Corinne Rello-Anselmi, a senior education department official who helped oversee the city’s sprawling special education bureaucracy under three chancellors, is planning to retire this month.

“I think we’re in a good place and it’s time for new leadership to take over,” Rello-Anselmi, the deputy chief academic officer overseeing special education, told Chalkbeat this week. 

Education officials are in the midst of interviewing candidates, and plan to announce her successor in the coming weeks.

Rello-Anselmi helped steer the system of 228,000 students with special needs, larger than Houston’s entire public student population. A roughly 40-year veteran of the city’s public school system, Rello-Anselmi is known for her no-nonsense attitude, sharp elbows, and willingness to hear out parents and advocates, even when they’re criticizing her for the system’s various shortcomings.

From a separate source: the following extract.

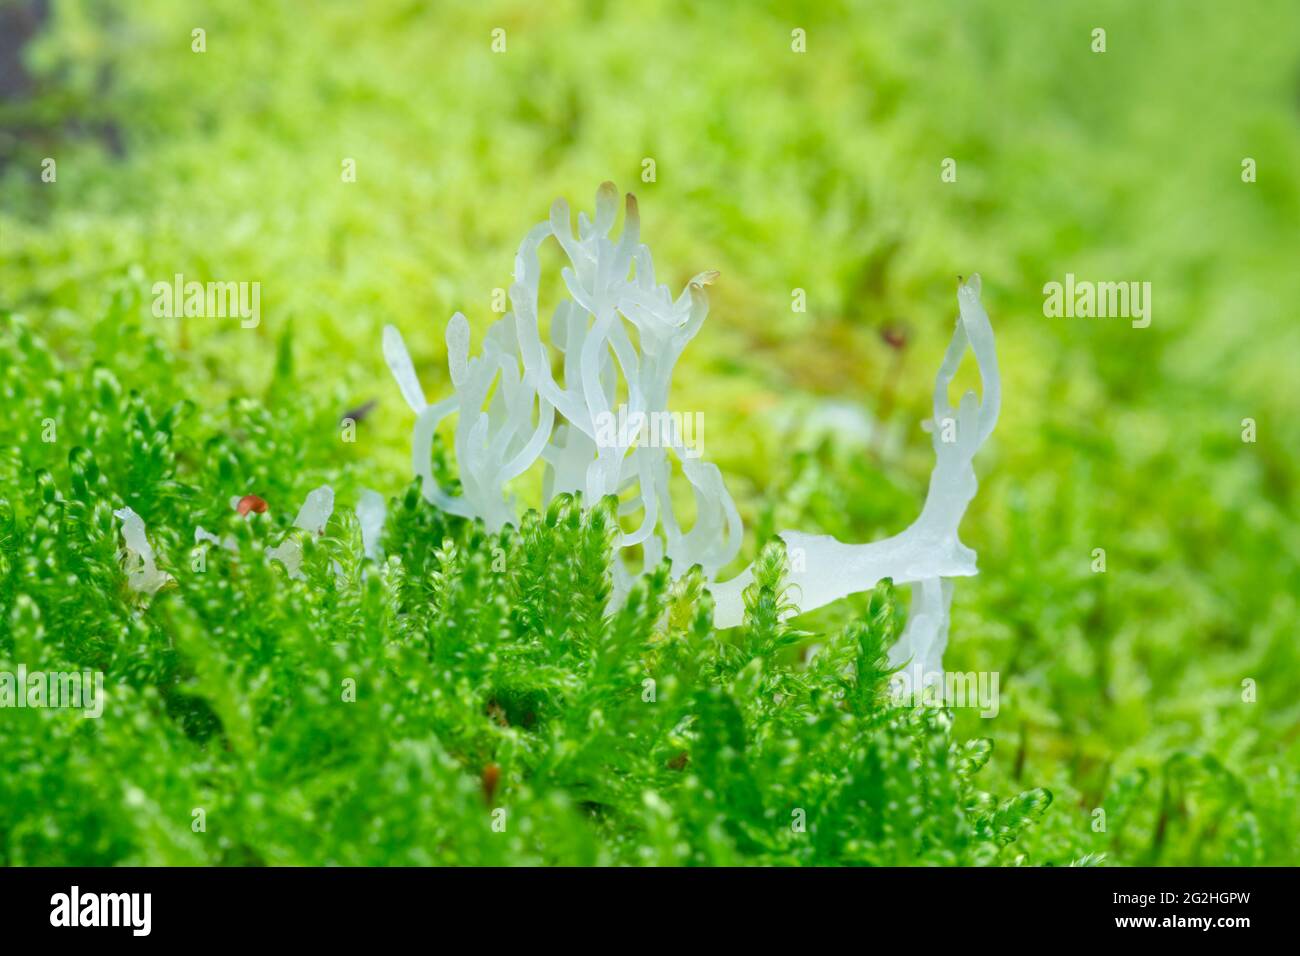 Lentaria epichnoa growing in natural environment Stock Photo
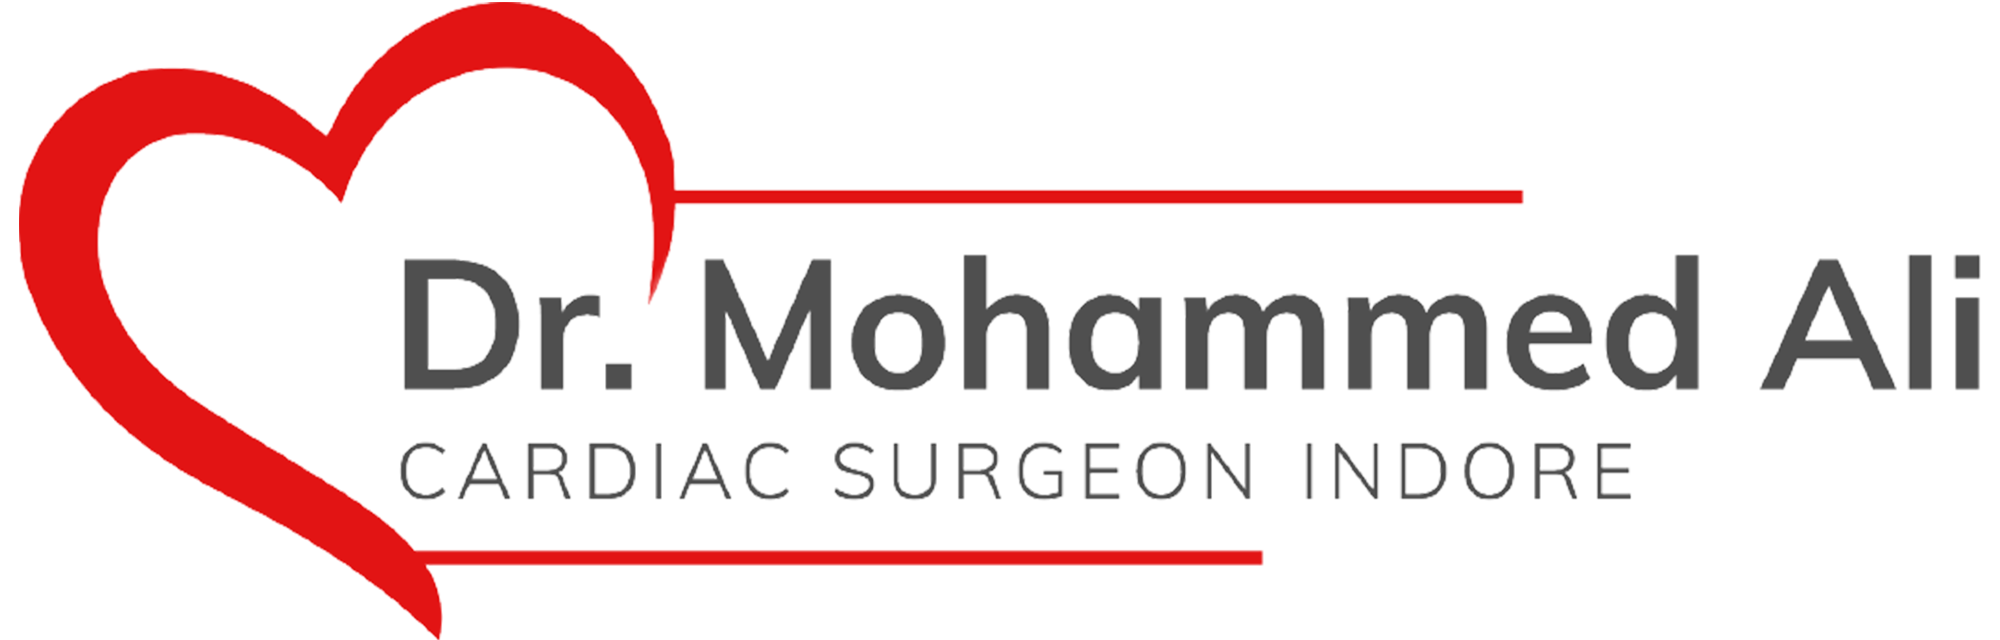 Director Of Cardiac Surgery Shalby Hospital Dr Mohammed Ali Just

“She did not have an easy job by any means,” said Lori Podvesker, a special education policy expert at INCLUDEnyc and member of the city’s Panel for Educational Policy. 

Rello-Anselmi got her start as a special education teacher at P.S. 108 in the Bronx and almost immediately became concerned about the extent to which special education students were isolated — a theme that would come to define her tenure in the department.

“When I got to the school I questioned why I was the self-contained special education teacher,” she told Chalkbeat in 2013. “It was very isolated, I could not understand why. My journey through that whole time was my core belief that our students learning in a separate program was not going to get the outcomes that were intended.”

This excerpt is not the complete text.